When disaster strikes it is a good time to reflect on what preventative measures might have saved the day. Working in IT, as I do, mitigating and even preventing disaster is a big part of the job. No matter how hard we try disaster can still strike and being prepared for it is very important.
Email is one of those systems that almost no business can function without in this day and age. Getting to lost email messages quickly is almost as important as getting email flowing again.
Recently, I had to deal with a pretty significant email disaster. A lot of email was lost. Getting email back up and running wasn’t too hard but a lot of email had been lost. In a post-mortem we looked into many potential solutions to the ongoing issue of email backups which are often tricky and difficult to do properly.
One of the best suggestions made in our post-mortem engineering sessions was to have email backed-up, on the fly, message by message via forwarding to Google’s GMail service.
Now, before we get too far, I need to state that this is not a comprehensive backup solution. Using email forwarding to GMail (or any other email service) must be handled account by account which causes it to scale very poorly.

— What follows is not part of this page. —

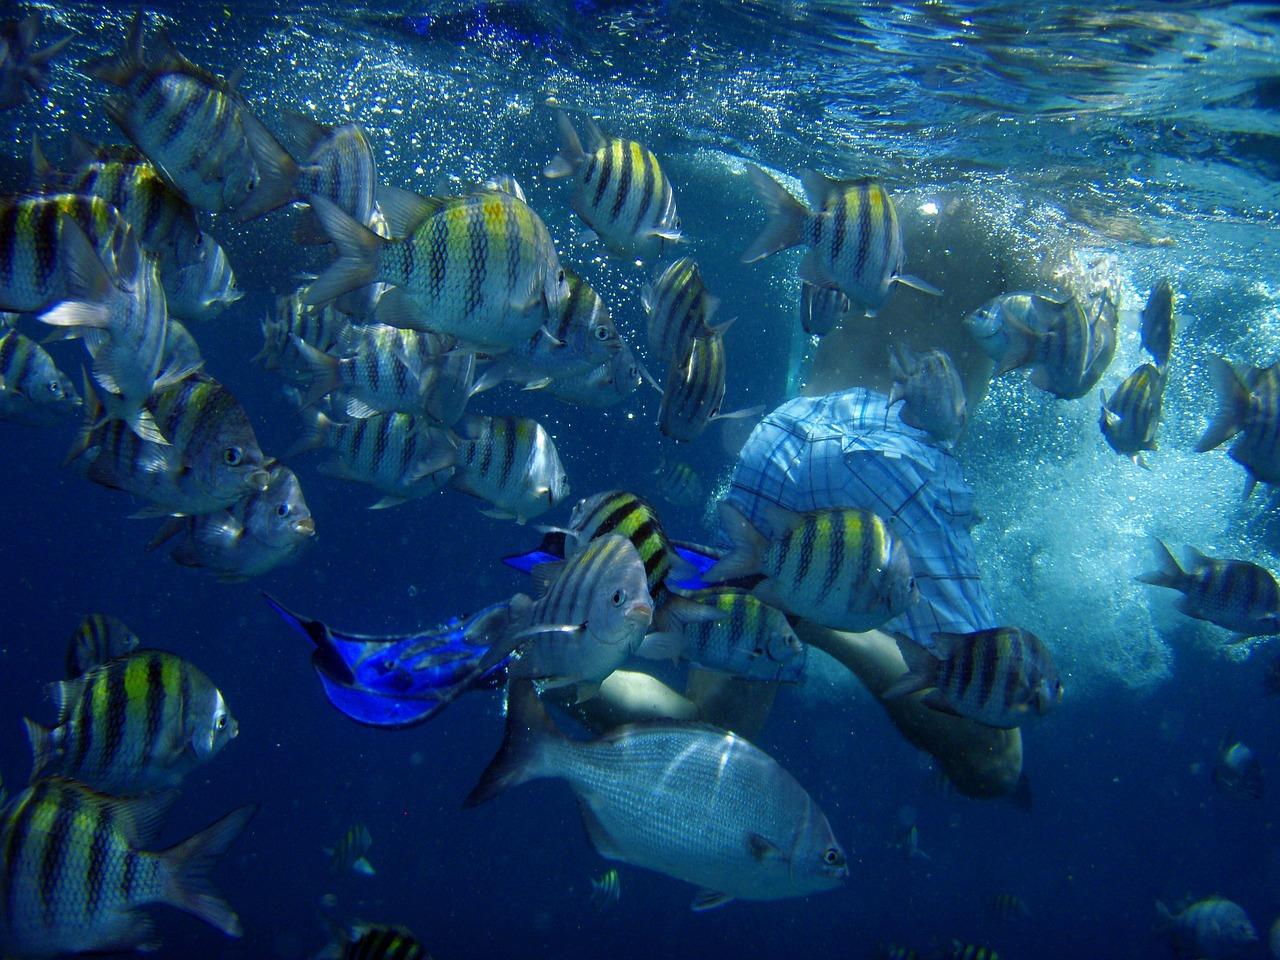 跳水,水下,鱼,海,游泳,男子,散热片,阿鲁巴,加勒比,小安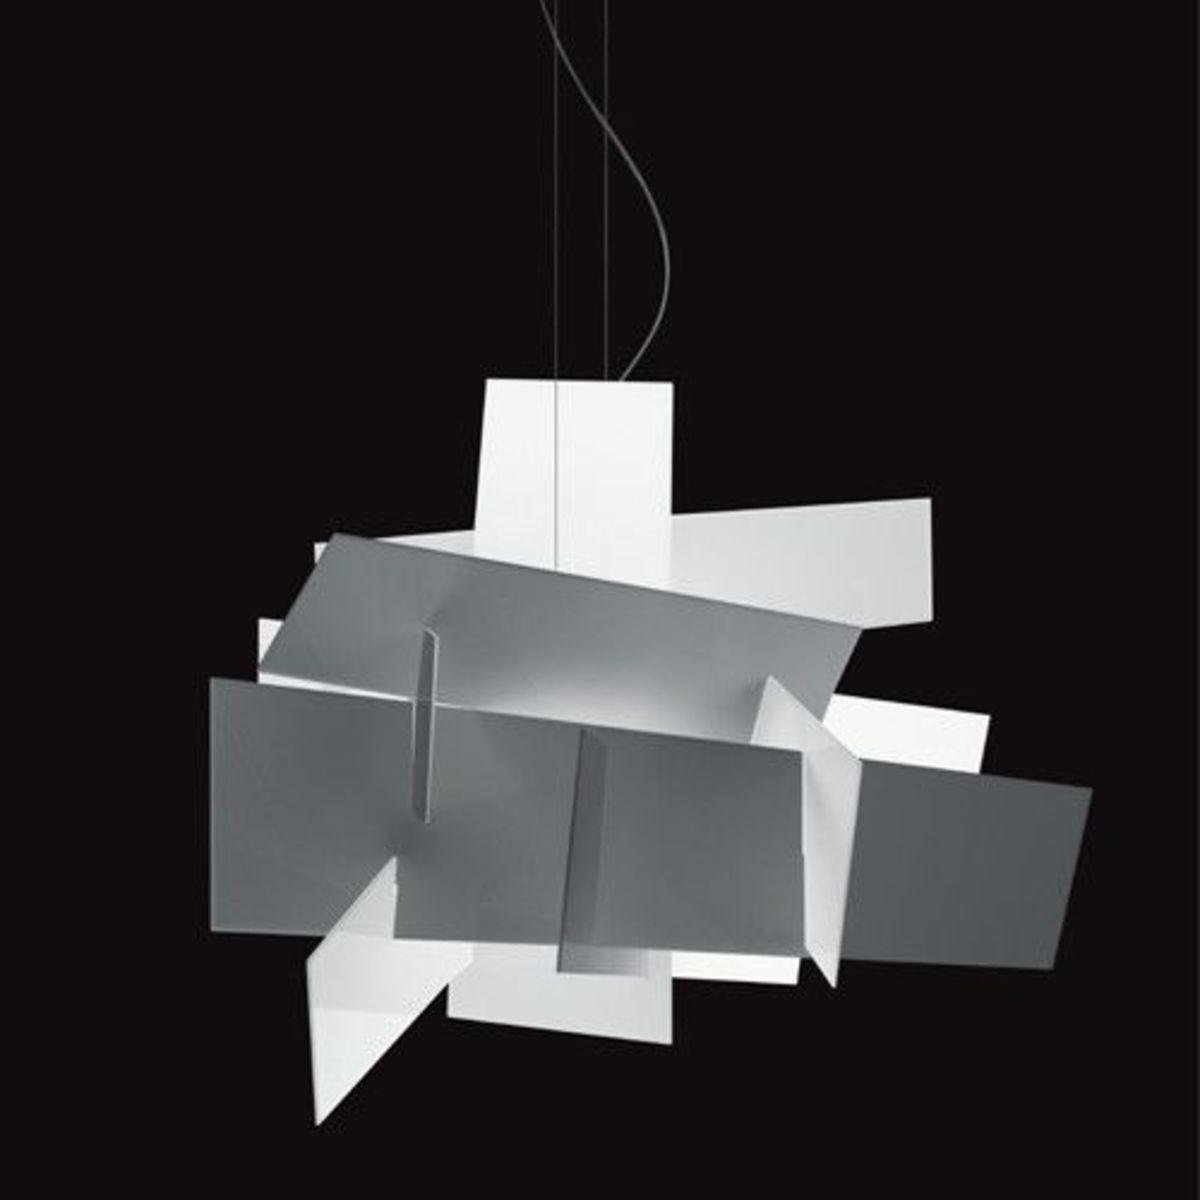 unique-lamps-as-an-interior-element

It would be an administrative nightmare for a shop of any size but is quite easy for a very small organization of up to possibly twenty or thirty people. It also does not handle outgoing (sent) email in any way but only incoming email – which is almost always where the important messages are located. A traditional backup of your email system is still necessary. This is really a complimentary service not a replacement solution.
What is great about forwarding to GMail is that it is free, it is extremely convenient, it can be handled by the email users who want it and ignored by those who do not, it is almost instantaneous and the backups will continue even when an email client is not connected – unlike an IMAP or POP client based backup strategy. Google provides so much storage capacity that likely you can send years of email messages to GMail without ever needing to clean out your archived messages.
Email forwarding can be set up by individual users or by an email administrator although if individual users do not manage their own GMail accounts this can be problematic. There is also the potential option to have several company email account forward to a single GMail account although comingling email will result is all kinds of potential headaches later and be sure to be very confident about your legal ground for combining email in this manner.
Smaller organizations need to carefully consider how to take best advantage of the email options that they have available to them. Email forwarding is one way in which very small organizations can take advantage of their size. Large organizations would be forced to use more complex and expensive backup strategies to achieve these same results.